EXITING because of fatal ERROR: not enough memory for BAM sorting:
SOLUTION: re-run STAR with at least --limitBAMsortRAM 39895949651
Specifying a value is usually unnecessary as STAR uses what's available although STAR will sometimes suggest it.
--limitBAMsortRAM $[SLURM_NTASKS*7000000000]
When increasing resources, I usually increase CPUs and Memory. There doesn't appear to be a way to calculate how much memory is needed before running. Increasing just memory to above the asking is likely a good idea. With the increase in CPUs (threads), STAR will create additional temporary files. However, there is a limit on the number of open files of about 1000. To counter this increase in files,
--outBAMsortingBinsN
must be decreased. It defaults to 50. With 16 threads, it results in 800 temporary sort files. All good.
With 32 threads, it appears to try to create 1600 and then fails with.
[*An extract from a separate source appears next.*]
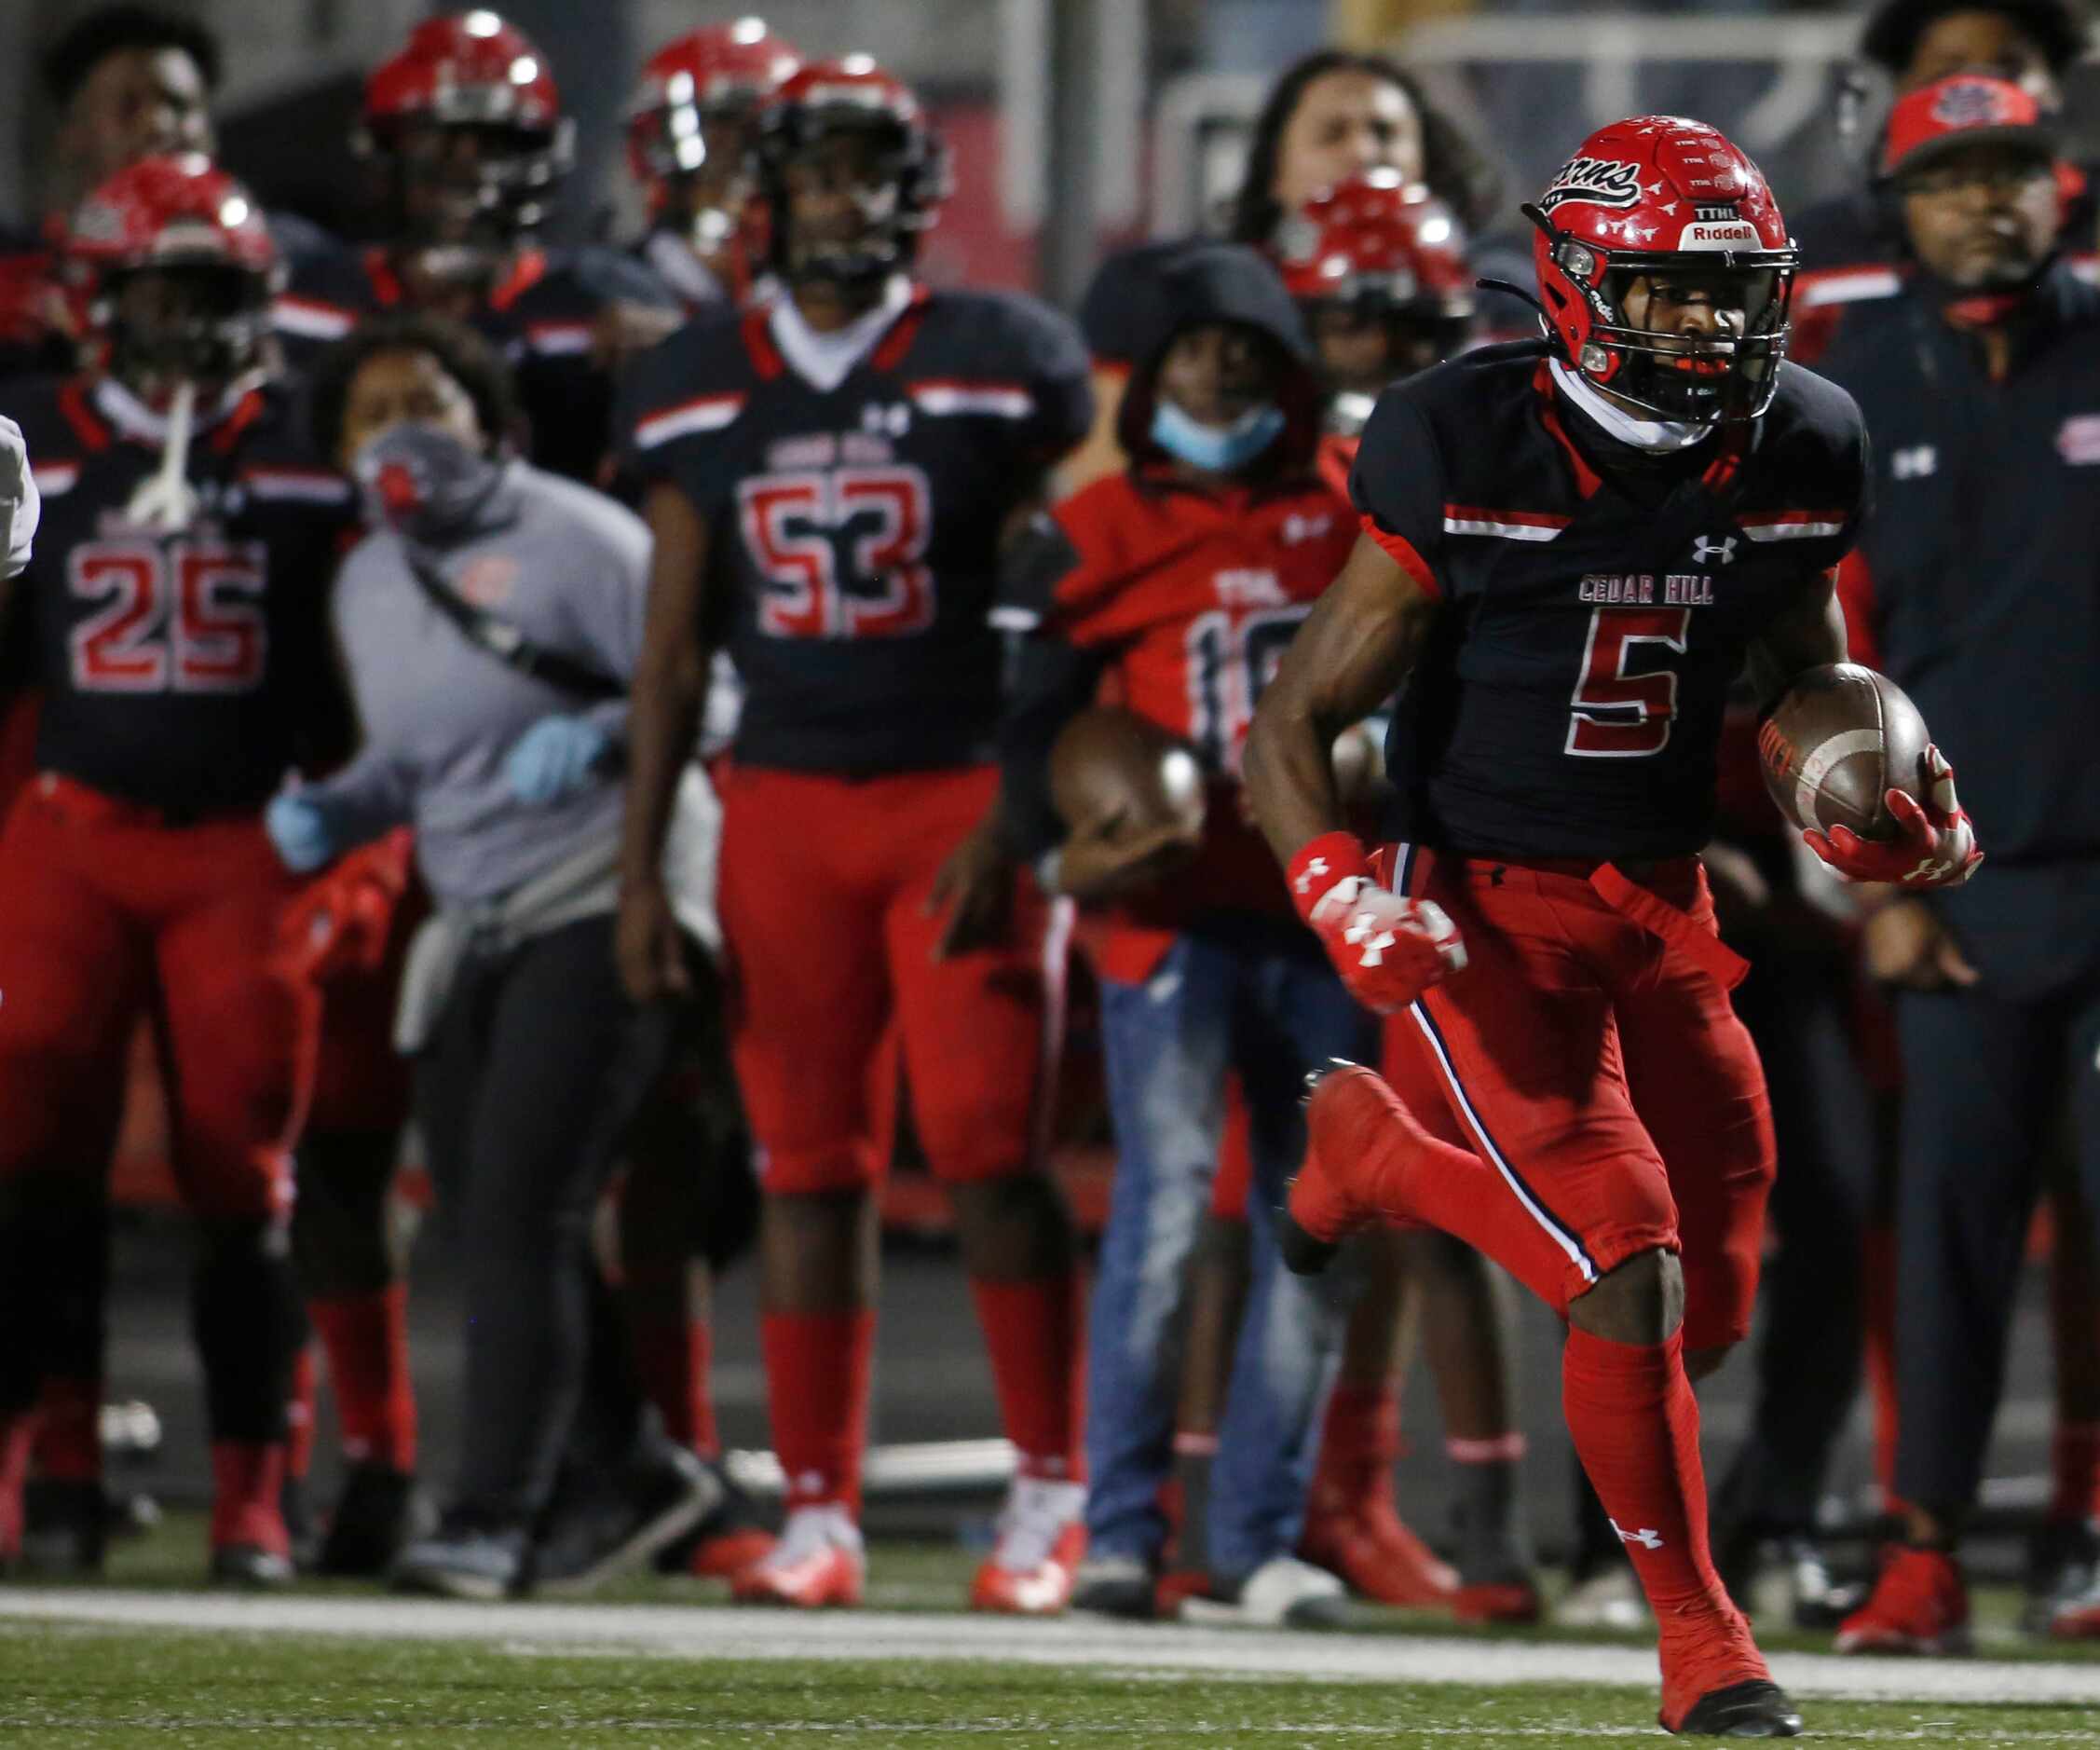 Cedar Hill running back Kevin Young,Jr. (5) scampers down the sideline for a receiving...

BAMoutput.cpp:27:BAMoutput: exiting because of *OUTPUT FILE* error: could not create output file /scratch/gwendt/1468442/outdir/02-2483-01A-01R-1849-01+2._STARtmp//BAMsort/5/16
SOLUTION: check that the path exists and you have write permission for this file. Also check ulimit -n and increase it to allow more open files.
The number of threads times the number of sorting bins needs to be less than 1000.
The 26-5134-01A-01R-1850-01+1 sample appears to require the largest amount of sorting memory should you wish to test.